If you have any kind of accent, Alexa may not be able to understand you!

Amazon’s Alexa and Google’s Assistant are spearheading a voice-activated revolution, rapidly changing the way millions of people around the world learn new things and plan their lives.

But for people with regional dialects and drawls, like Southern accents the artificially intelligent speakers can seem very different: inattentive, unresponsive, even isolating. For many across the country, the wave of the future has a bias problem, and it’s leaving them behind. 

The Washington Post teamed up with two research groups to study the smart speakers’ accent imbalance, testing thousands of voice commands dictated by more than 100 people across nearly 20 cities. The systems, they found, showed notable disparities in how people from different parts of the U.S. are understood. 
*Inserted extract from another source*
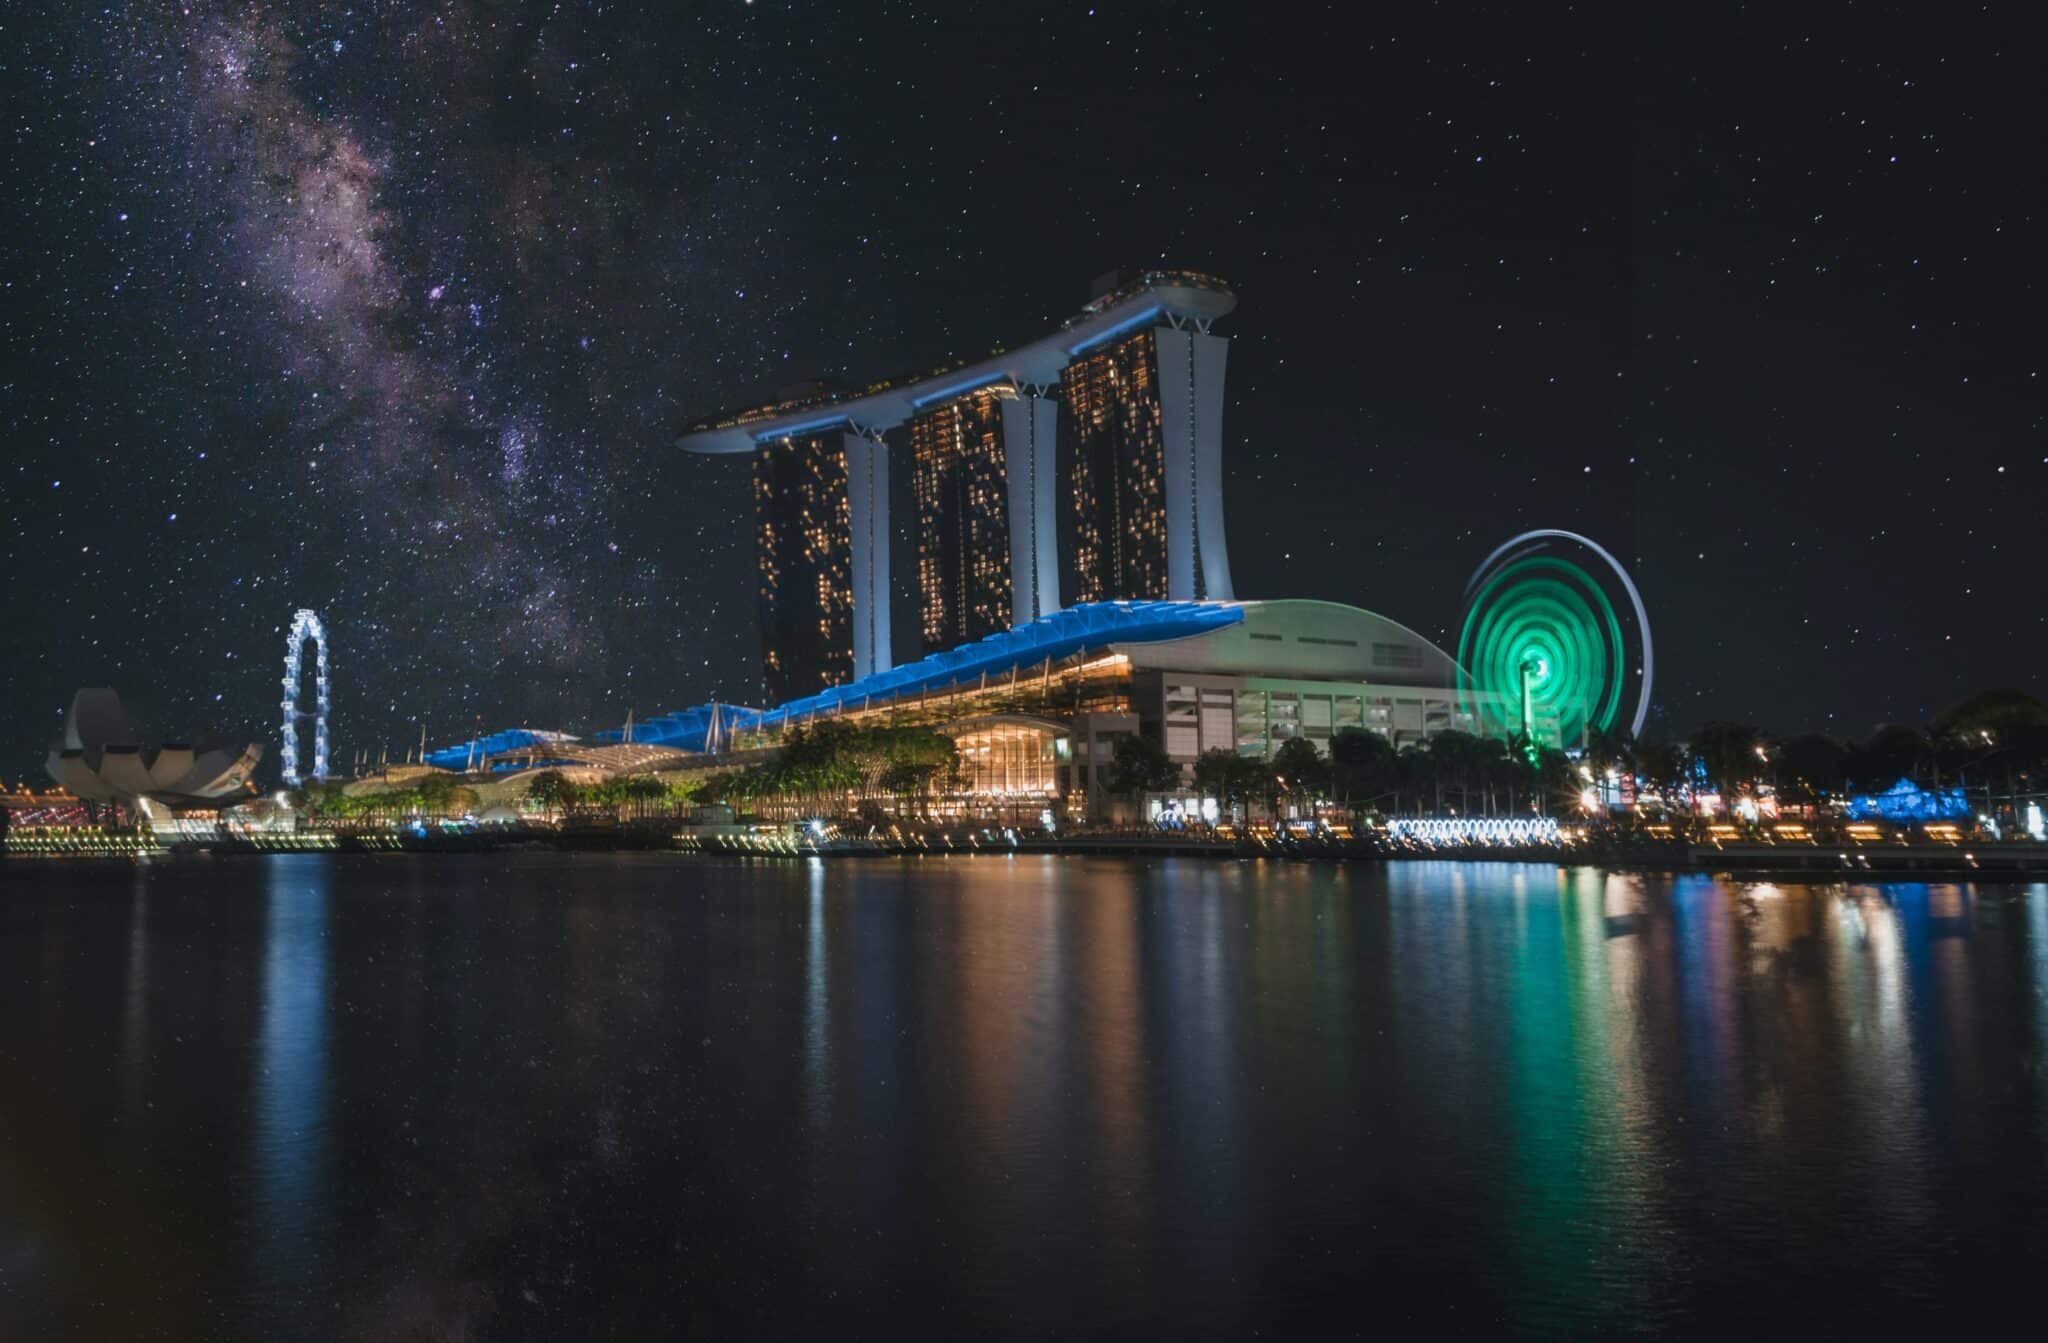 What Are The Top 21 Singapore Facts You Should Know Before Visiting

People with Southern accents, for instance, were 3 percent less likely to get accurate responses from a Google Home device than those with Western accents. And Alexa understood Midwest accents 2 percent less than those from along the East Coast.

People with nonnative accents, however, faced the biggest setbacks. In one study that compared what Alexa thought it heard versus what the test group actually said, the system showed that speech from that group showed about 30 percent more inaccuracies.

People who spoke Spanish as a first language, for instance, were understood 6 percent less often than people who grew up around California or Washington, where the tech giants are based.


Globalme, a language-localization firm in Vancouver, asked testers across the United States and Canada to say 70 preset commands, including “Start playing Queen,” “Add new appointment,” and “How close am I to the nearest Walmart?”

The company grouped the video-recorded talks by accent, based on where the testers had grown up or spent most of their lives, and then assessed the devices’ responses for accuracy. The testers also offered other impressions: People with nonnative accents, for instance, told Globalme that they thought the devices had to “think” for longer before responding to their requests.